Посидели в тишине, поглядывали друг на друга, улыбались. "Так что мне плевать, что мы с Тошей им не нравимся. Абсолютная лажа". "Ну и правильно. Только бы не проплеваться, голубчик". Нейтрально.
XII
"Лажа" сорвалась с языка из-за Феликса. Вот кто оголял фронт противостояния отечественному образцу Мирового Зла! Старик, сказал он, едва Каблуков переступил порог его комнаты, уставленной коробками и ящиками, сваливаю. Полная лажа, сил больше нет. Че-то трахеями рычат, носом и ротом хлюпают. А ты знаешь, что такое речь? Это не элоквенции адвокатов здешней старой школы. Они просто уничтожали язык, заменяли его словами. Я уже не понимаю - Гурий, лучший наш речевик, он пробивается речью, как шпагой, или качается на ней, как на волнах? Лажа какая-то, ухо не воспринимает разницы. А я тебе скажу, где мое ухо - как кот перед прыжком, и весь говорильный аппарат - как золотая рыбка перед тем, как произнести слово. Это инглиш! Я на нем говорю, как белый человек Киплинга, у меня самые последние конджакшн и партикл ангельчиками на губах пляшут. Прочесть тебе наизусть шесть первых строф из "Кораблекрушения "Германии"" Джерарда Мэнли Хопкинса? Я хочу туда, где только на нем и можно понять, как жить. Потому что мне нравится, как там живут: разнообразно. Во всяком случае, как про это говорят. В общем, сил нет, а выход появился. Как всегда, евреи. По старой тропке через Красное море. А у меня сейчас временная подруга жизни как раз из этой нации.
В ящиках и коробках была сложена его коллекция. Отберут и отберут: всё ведь и так не его, приплыло в руки - может и уплыть. А что удастся провезти - на стенку квартирки в штате Алабама. А? Оклахома. Колорадо. Неплохо? Шучу, шучу - только Нью-Йорк и только Манхэттен.
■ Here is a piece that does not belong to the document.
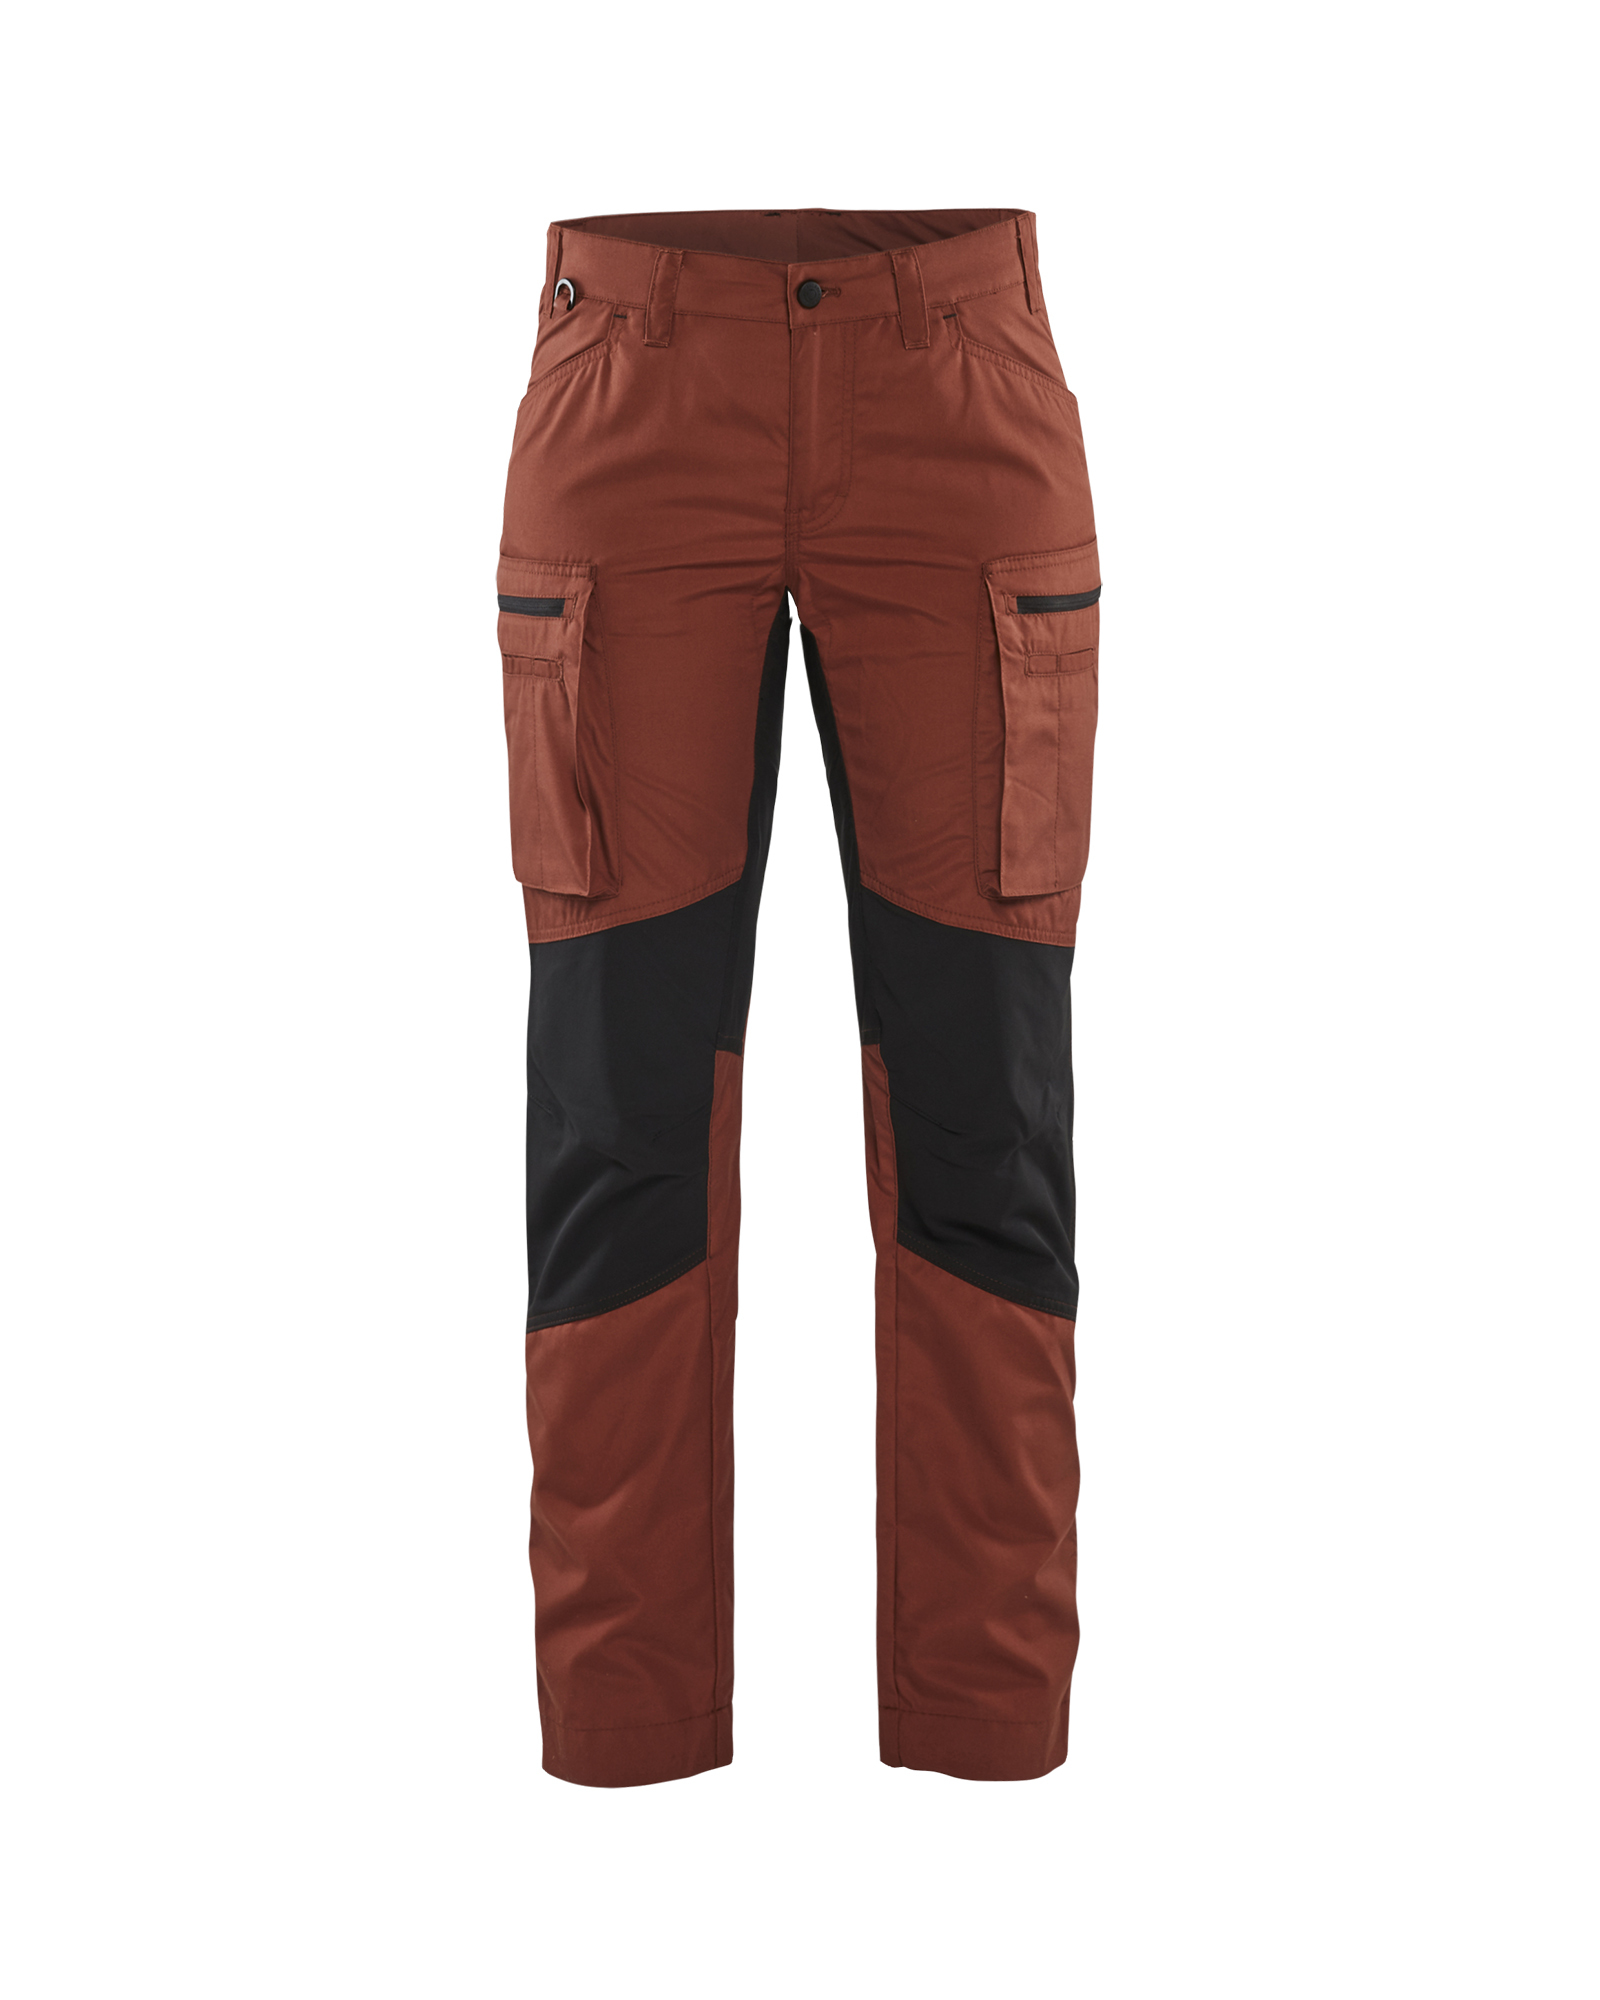 Pantalon maintenance +stretch femme Blåkläder 7159 Rouge brique/Noir Blaklader - 715918455999C

Это в корне меняло положение вещей, состав жизни, мир. Как великие географические открытия. Ойкумена уже не ограничивалась Средиземным морем с центром в Москве, западом в Таллине и югом в Сухуми. Оказалось, что можно выехать поездом с Киевского вокзала как бы в Переделкино, но если там не сойти, а потом и Киев пропустить и Львов, забиться в купе и не вылезать, то можно доехать и до Вены. И до Рима. То есть представьте себе: земля еще не шар, плоская лепешка, вместо глобуса лист бумажной карты, на нее нанесены разные названия: страна людей с песьими головами, степь китовраса, Гиперборейское море, и над всем, на всей ее площади - четыре буквы, по растяженности не сцепляющиеся одна с другой: С, С, С, Р. А кто особо наблюдательный их связь угадал, все равно осмысленного склада не добился. И по речке, по любой, начинает плыть струг, из нее в большую, вместе с ней в открытый понт, в окиян - это край карты, край лепешки, с него одна дорога: сорваться и ухнуть в царство мертвых. Но плывется, все еще плывется, водопадом не обрывается - и крик юнги с мачты: христофоры, земля! Еще одна земля, оладья под кленовым сиропом, и на ней надпись - Коламбус-сёркл.
До сих пор играли даже не в шашки - в чапаевцев: щелчками белых сшибали черных. И вдруг: слоны, короли, королевы, башни. И теперь: ехать - все меняется, и оставаться - все меняется, потому что можно ехать. Не очень-то, не очень-то, скорее нельзя, но "нельзя" знакомое, преодолеваемое - как когда в кассах нет билетов на месяц вперед, но месяц-то пройдет. Да к тому же есть кассирша, есть носильщик, проводник, начальник поезда, неужто не помогут?.. До Феликса Каблуков уже встречал подавшего документы на отъезд. За станциями Рижского взморья начинались рыбацкие деревушки, они с Тоней сняли в одной домик. И на пляже наткнулись на красавца-мужчину, который, опершись на локоть, перебрасывался фразами с красавицей-женой, наблюдая, как на границе воды и песка трое их детей строят город. Набирают в ладонь жижу размытого песка и из кулака дают ему стекать в одну и ту же точку, над ней вырастает островерхий конус, и следующий, и следующий. И у всех пятерых на шее могендовиды на тонких цепочках.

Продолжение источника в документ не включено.